Charman CR, Venn AJ, Williams HC. The Patient-Oriented Eczema Measure: Development and Initial Validation of a New Tool for Measuring Atopic Eczema Severity From the Patients’ Perspective. Arch Dermatol. 2004;140(12):1513–1519. doi:10.1001/archderm.140.12.1513
MichaelBigbyMDRosamariaCoronaDSc, MDDamianoAbeniMD, MPHAlexa BoerKimballMD, MPHMoysesSzkloMD, MPH, DrPHHywelWilliamsMSc, PhD, FRCP
To develop a simple, valid, repeatable, and readily understandable patient-oriented assessment measure for monitoring disease activity in children and adults with atopic eczema.
Qualitative semistructured patient interviews identified a list of symptoms of atopic eczema. These symptoms were quantitatively analyzed in a larger patient population to identify which symptoms were important to patients and amenable to monitoring as part of a scoring system.
The outpatient Department of Dermatology at the Queen’s Medical Centre, University Hospital, Nottingham, England, and 5 local general practices.
Four hundred thirty-five patients with atopic eczema.
Seven symptoms were incorporated into the final patient-oriented eczema measure using a simple 5-point scale of frequency of occurrence during the previous week, with a maximum total score of 28. Validity testing against the Dermatology Life Quality Index, Children’s Dermatology Life Quality Index, and patients’ global severity assessments showed good correlation (r = 0.78, r = 0.73, and r = 0.81, respectively; P<.001). Internal consistency was high (Cronbach α = 0.88), and test-retest reliability was good, with 95% of scores falling within 2.6 points on repeat testing (mean score difference, 0.04; SD, 1.32).

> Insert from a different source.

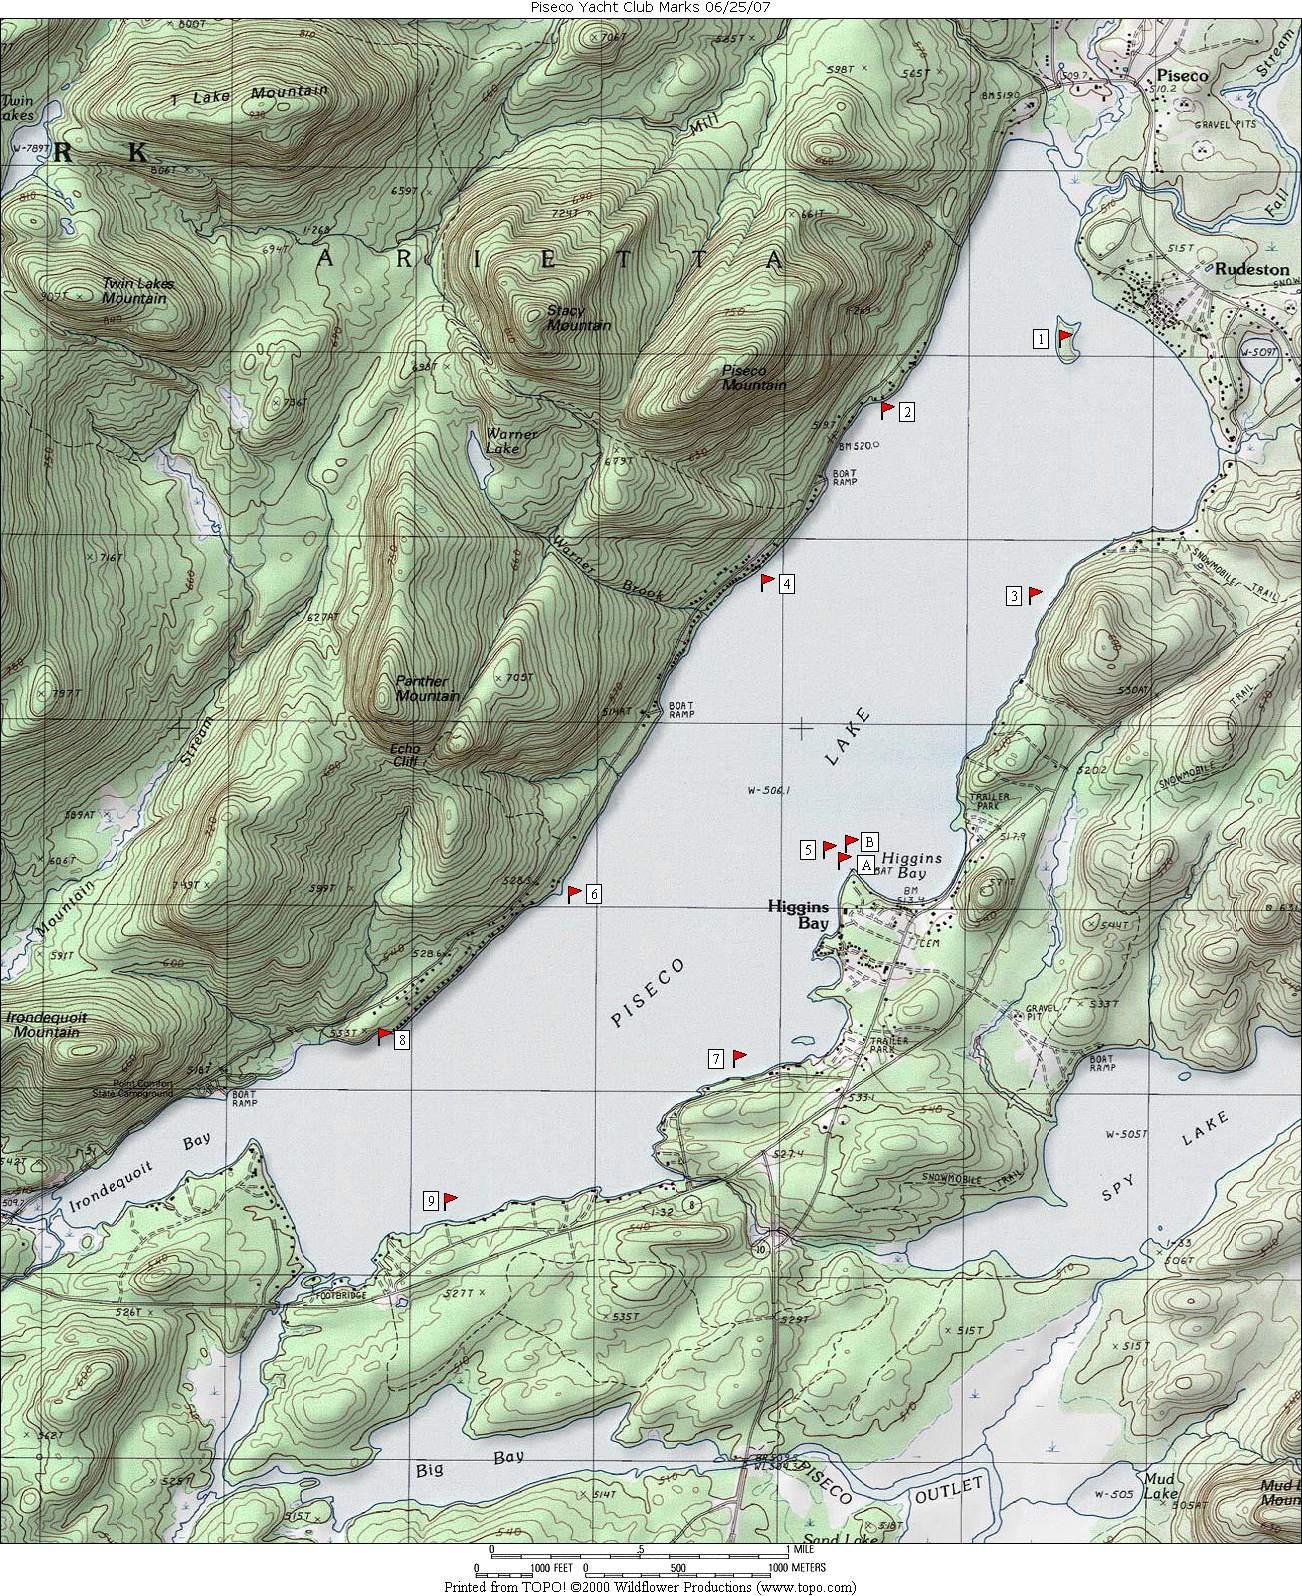 Piseco Yacht Club - Marks lake maps

Individual variables in the measure demonstrated sensitivity to change during a 4-week in-clinic period and an 18-week randomized controlled clinical trial.
The patient-oriented eczema measure is a practical self-assessed measurement tool for monitoring aspects of atopic eczema that are important to patients in routine clinical practice or in the clinical trial setting.
Atopic eczema currently affects around 5% to 20% of children worldwide.1 The increasing prevalence of the disease has had a profound impact on hospital and community health care services, with significant amounts of resources being directed into research to improve our understanding of disease mechanisms, resulting in the recent development of new treatments such as topical tacrolimus and pimecrolimus. Valid and clinically meaningful outcome measures play a central role in both the interpretation of clinical trial results and the ongoing assessment of health care intervention and are essential to ensure that such research can be translated into maximum patient benefit.
Outcome methodology for atopic eczema has been a relatively neglected and unstandardized area of research, with a bias toward objective measurements deemed to be important by physicians rather than patient-centered assessments.2-4 More than 56 different objective scoring systems recording different combinations of physical signs were recently identified in published randomized controlled trials (RCTs) of atopic eczema between 1994 and 2001 alone, with many of the measures having no data on validity or reliability.4 Even validated objective measures such as the Scoring Atopic Dermatitis (SCORAD) Index,5 Eczema Area and Severity Index,6 and Six Area, Six Sign Atopic Dermatitis Index7 all measure different physical variables and combine them with variable weighting. Interpreting what a change in a score of 12 of 103 actually means in terms of patient morbidity can be extremely difficult. Furthermore, these scoring systems are primarily designed for clinical trial work and are generally too time-consuming for routine use in the outpatient clinic or for monitoring patient responses in general practice.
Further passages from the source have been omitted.